==== EXERCISE DATA

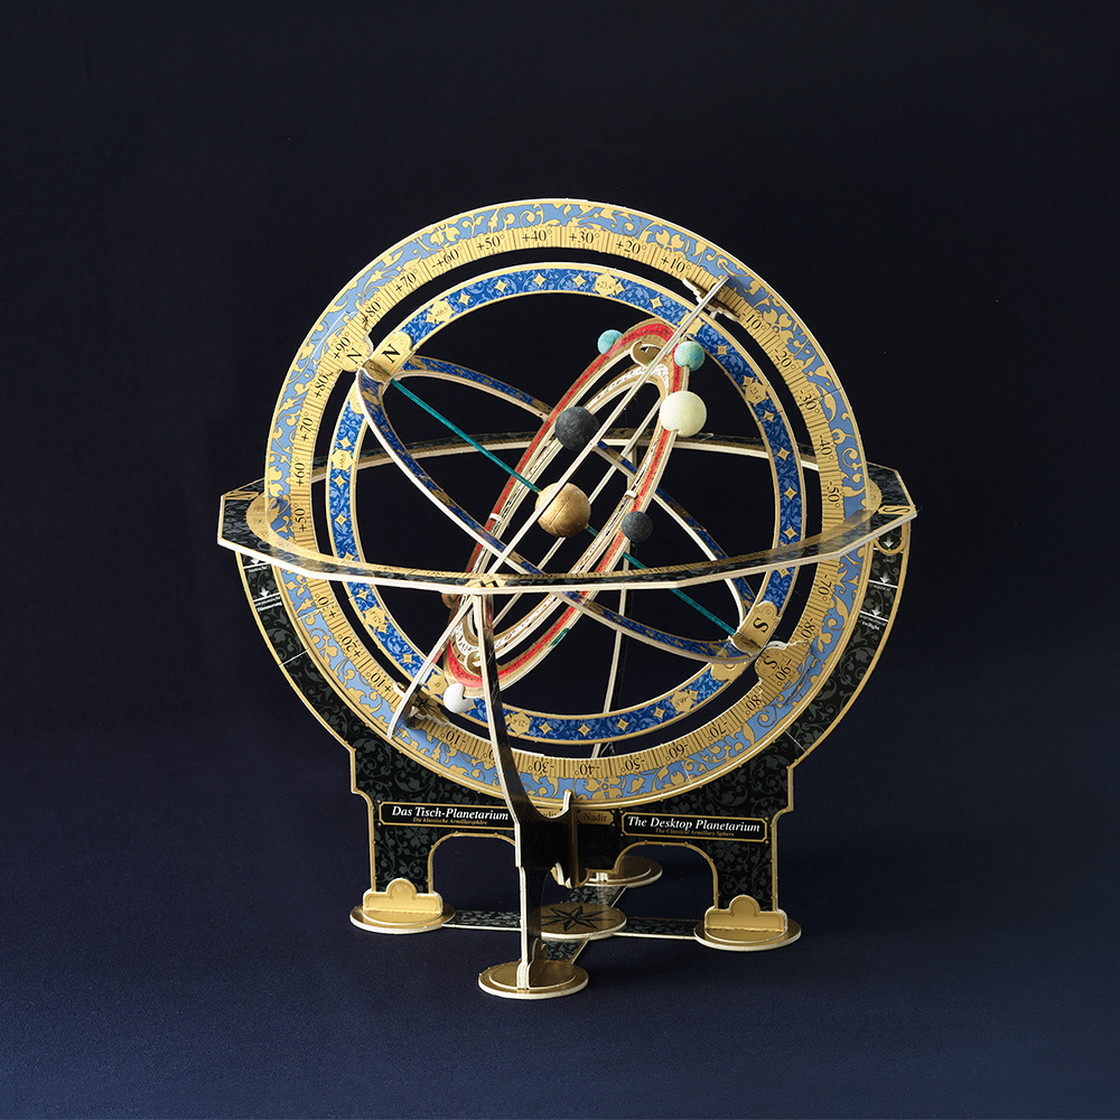 Das Tisch-Planetarium - AstroMedia
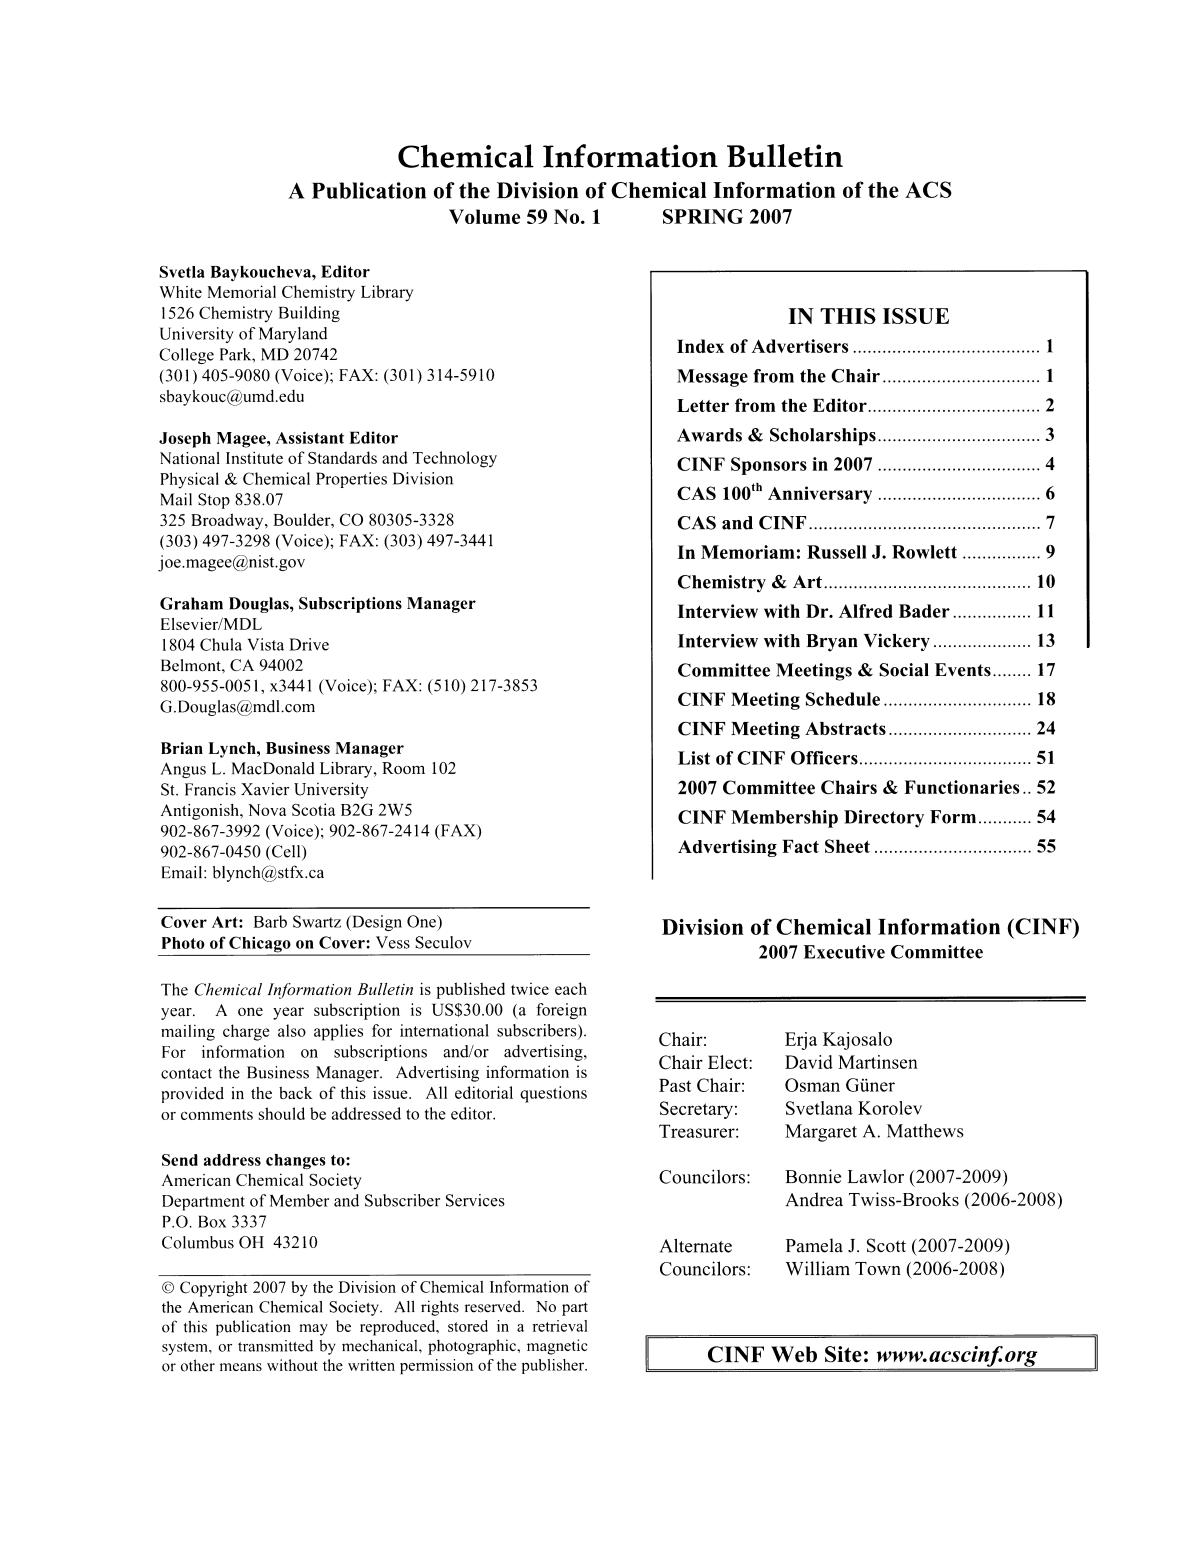 Chemical Information Bulletin, Volume 59, Number 1, Spring 2007
                                                
                                                    Front Inside

========

_DIRECTIONS FOR THIS TASK_
Print the whole listing again exactly, please. No pictures.

_ANSWER TO THIS TASK_
 Das Tisch-Planetarium - AstroMedia
 Chemical Information Bulletin, Volume 59, Number 1, Spring 2007
                                                
                                                    Front Inside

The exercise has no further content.